Why should it matter to me?
Although being popular can be nice, it may sometimes jeopardize your health by exposing you to more infectious agents.  When a person’s immune system is already weakened by stress they may be more likely to get sick as they socialize with all their friends.  Add to this the pressure some people feel to constantly socialize in an attempt to increase their popularity, and popularity becomes a real liability.  Perhaps it’s best, as with food and drink, to enjoy socialization in moderation, and even less so when under increased stress.
Source: Hamrick, Natalie, Sheldon, Cohen, & Rodriguez, Mario, S. (2002). Being popular can be healthy or unhealthy: Stress, social network diversity, and incidence of upper respiratory infection. Health Psychology, 21, 294-298. 

Monday, April 2, 2018

Breast-feeding and Stress
Breast-feeding may reduce a woman’s stress level.
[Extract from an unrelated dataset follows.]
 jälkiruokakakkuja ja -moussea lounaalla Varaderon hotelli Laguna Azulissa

One of the many decisions facing new mothers today is whether they should breast-feed or bottle-feed their child.  One advantage of breast-feeding scientists only recently began investigating is a reduction in stress.  Researchers have found some evidence that a mother’s stress level is lowered as she breast-feeds her child.  The problem with this research, however, is that it has not controlled for other factors that may be responsible for the relationship between breast-feeding and stress reduction.  For example, perhaps women who choose to bottle-feed are also more prone to be anxious or stressed, which limits their production of breast milk and forces them to choose bottle-feeding.  In this case, how easily the woman becomes anxious, instead of the fact she doesn’t breast-feed, is what causes her more stress.  To help determine whether breast-feeding really does cause a reduction in stress, researchers from Columbia University and State University of New York at Stony Brook conducted an experiment.
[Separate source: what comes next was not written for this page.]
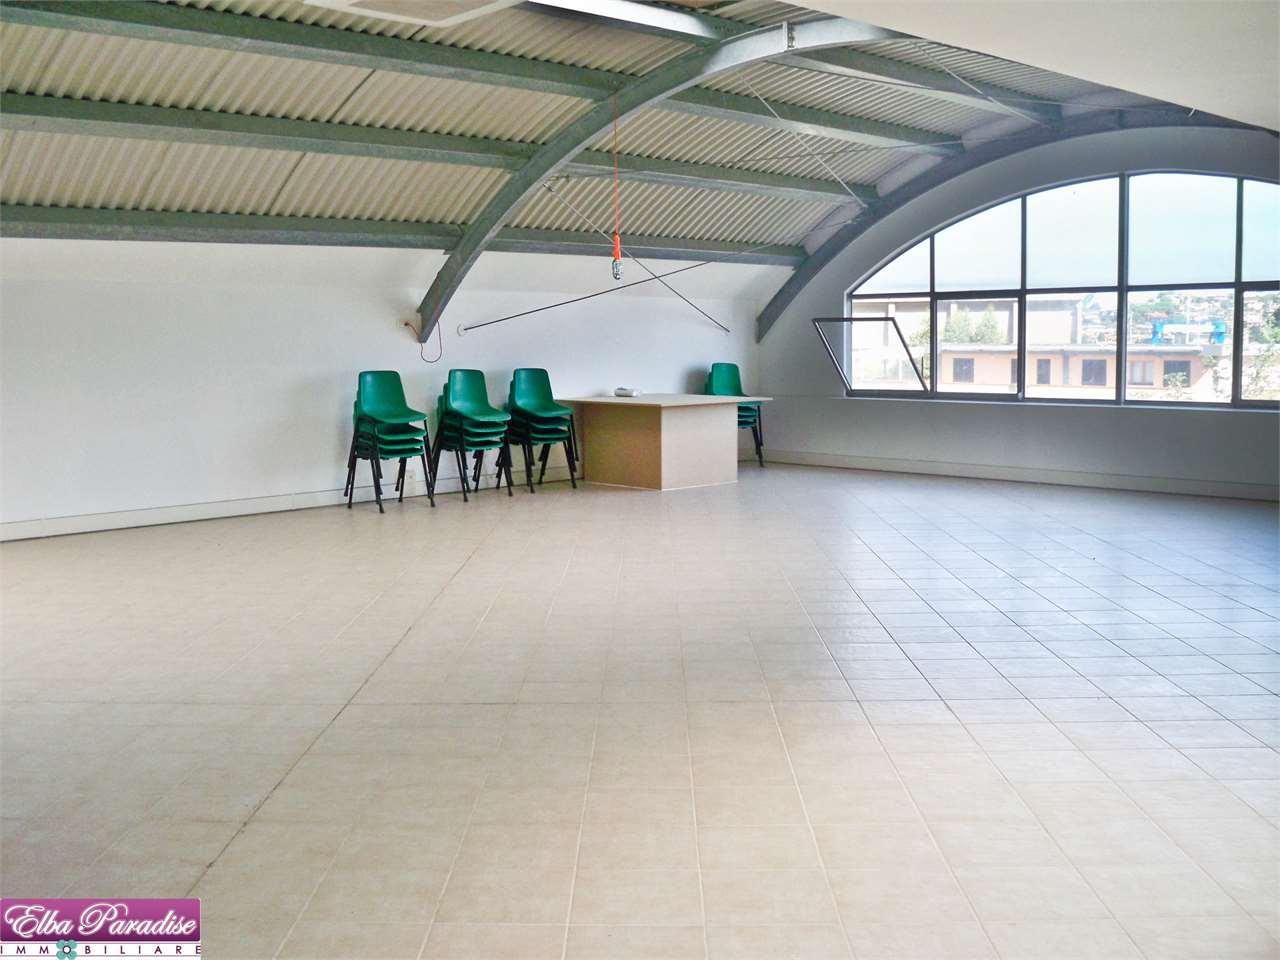 Ufficio / Studio in affitto a Portoferraio, 9999 locali, zona Località: Zona Periferica, prezzo € 1.500 | PortaleAgenzieImmobiliari.it

What was the research about?
The experiment involved 28 mothers who were both breast-feeding and bottle-feeding when they were recruited for the study.  The experiment consisted of 2 sessions that were scheduled one week apart.  The first session began with each mother completing a questionnaire that measured the positive and negative aspects of her current mood.  Afterwards she rested for 10 minutes and then either breast-fed or bottle-fed her child.  After feeding her child she rested for another 10 minutes and then completed the same questionnaire as before.  After 1 week each mother returned for the second experimental session.  The procedure for the second session was identical to the first session except this time each mother fed her child in the opposite way.  So if a mother breast-fed her child during the first session, she bottle-fed her child during the second session and vice-versa.  Conducting the experiment this way allowed the experimenters to control for the influence of other factors that may have affected the results.
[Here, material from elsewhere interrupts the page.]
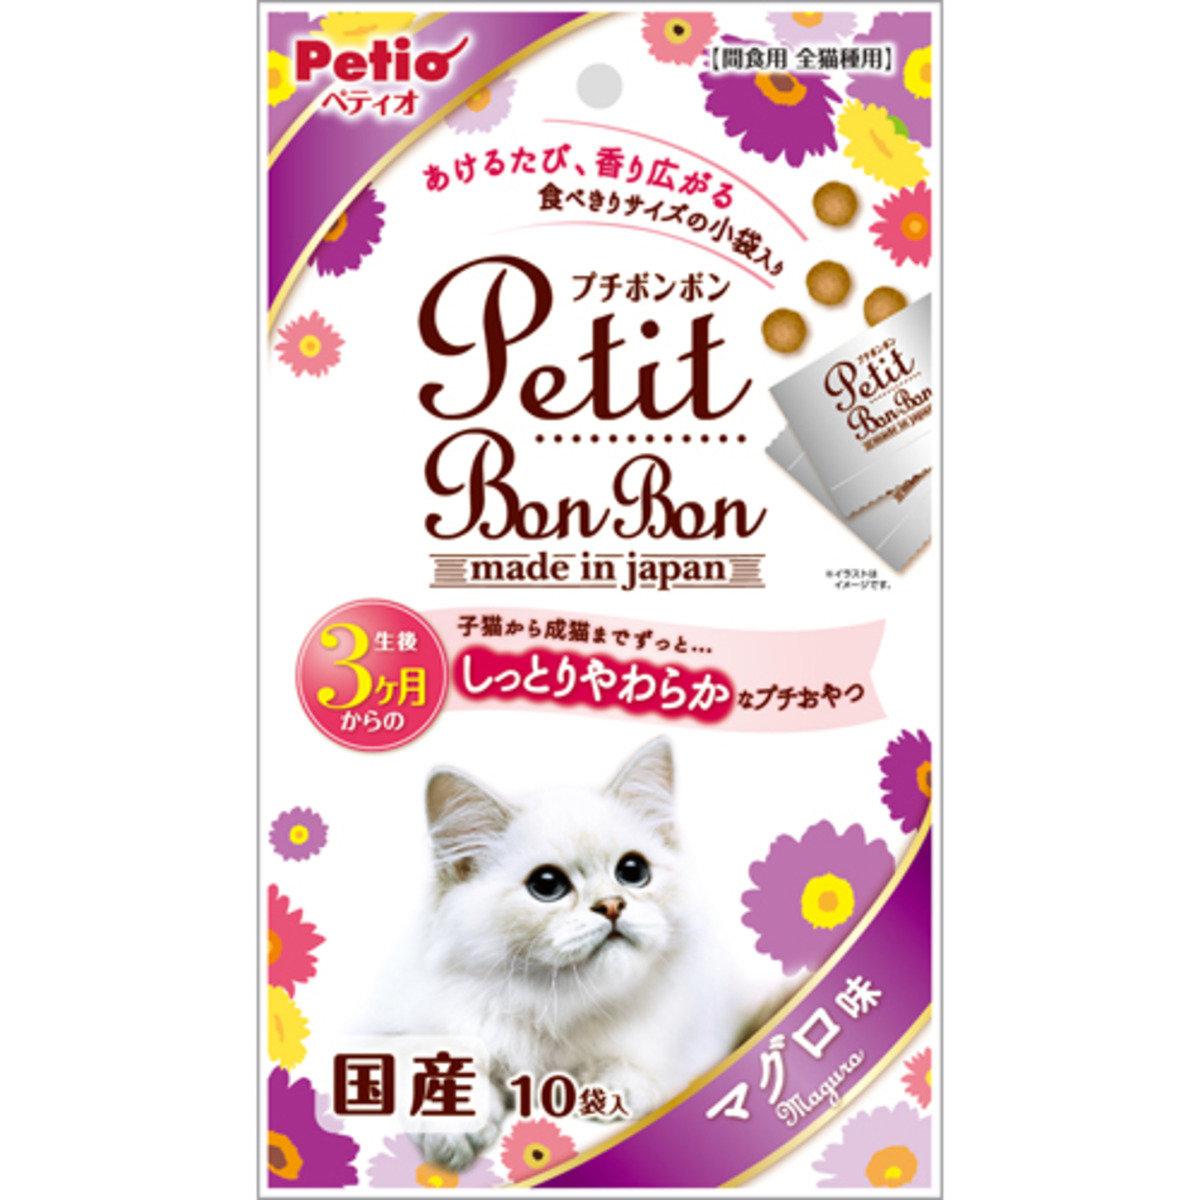 貓小食雞肉粒(吞拿魚味)(W12861)(賞味期限: 31-03-2017)

The results indicated that when a mother breast-fed her child, the negative aspects of her mood decreased while the positive aspects remained the same.  Thus, breast-feeding reduced stress by reducing negative mood but did not actually increase positive mood.  Based on the way this experiment was conducted, the act of breast-feeding, rather than some other aspect, appears to be the cause of stress reduction in mothers who breast-feed.
Why should it matter to me?
If breast-feeding reduces stress, this is an important consideration when a woman is deciding whether or not to breast-feed her child.  Given that women are somewhat more vulnerable to psychological disorders immediately following childbirth (e.g., postpartum depression), the stress-reduction role of breast-feeding may help buffer this risk.  Even without considering psychological disorders, the time after childbirth is a time of great change and increased stress.  Mothers, especially first time mothers, can use breast-feeding as an opportunity to help reduce their stress.